SDCL EDGE Acquisition Corporation Announces $ 175 Million IPO


SDCL EDGE Acquisition Corporation (the “Company”) today announced its IPO with 17,500,000 shares priced at $ 10.00 each. The Units will be listed on the New York Stock Exchange (the “NYSE”) and will trade under the ticker symbol “SEDA.U” as of October 29, 2021. Each unit consists of one Class A common share and one half of a redeemable warrant. Each entire warrant entitles the holder to purchase one Class A common share at a price of $ 11.50 per share. Once the separate trading of the securities making up the Shares commences, the Class A common shares and warrants are expected to be listed on the NYSE under the symbols “SEDA” and “SEDA WS”, respectively. The offering is expected to end on November 2, 2021 and is subject to customary closing conditions.

Goldman Sachs & Co. LLC and BofA Securities, Inc. are managing this offering as joint lead managers. The company has given subscribers a 45-day option to purchase up to 2,625,000 additional units at the initial issue price to cover any over-allotments.

The IPO takes place exclusively by means of an issue prospectus. A copy of the preliminary prospectus relating to the offering and the final version of the prospectus, if available, can be requested from: Goldman Sachs & Co.

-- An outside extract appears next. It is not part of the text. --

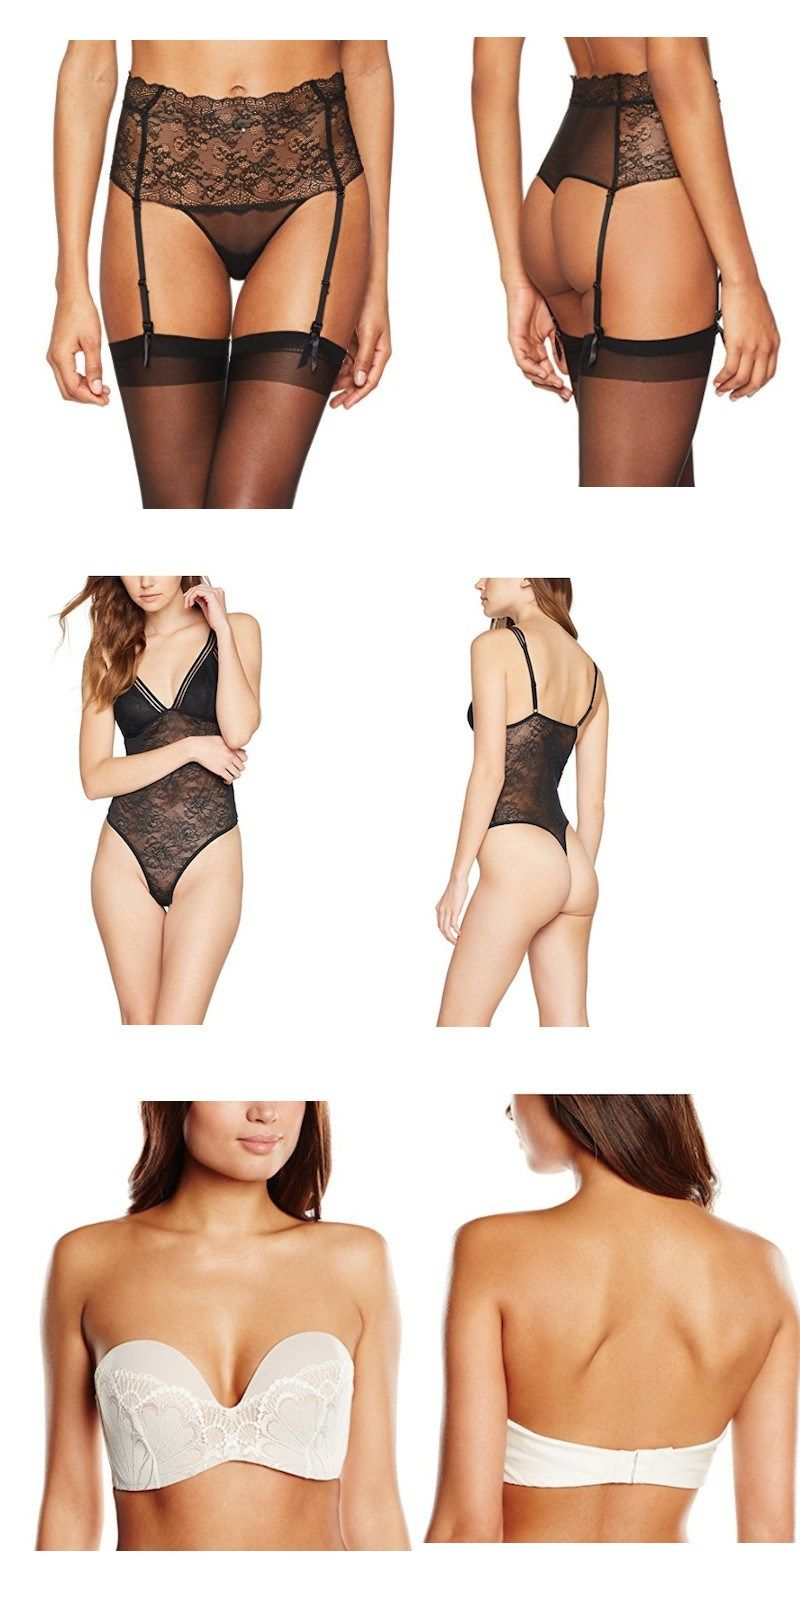 40bc81d1d9 Moda   Lencería y ropa interior para mujer. Lencería ropa interior mujer.  Iris Lilly

LLC, 200 West Street, New York, NY 10282, USA, Attn: Prospectus Department, by phone at + 1-866-471-2526, by fax at + 1-212-902-9316, or by email at [email protected] or BofA Securities, Inc., NC1-004- 03-43, Attn: Prospectus Department, 200 North College Street, 3rd Floor, Charlotte, NC 28255-0001, or via email at [email protected]

A registration statement relating to these securities was made effective by the Securities and Exchange Commission (the “SEC”) on October 28, 2021. This press release does not constitute an offer to sell or solicitation of customers, and no sale of these securities will take place in any country or jurisdiction in which such an offer or sale would be prohibited prior to registration or qualification under the securities laws of the respective country or jurisdiction.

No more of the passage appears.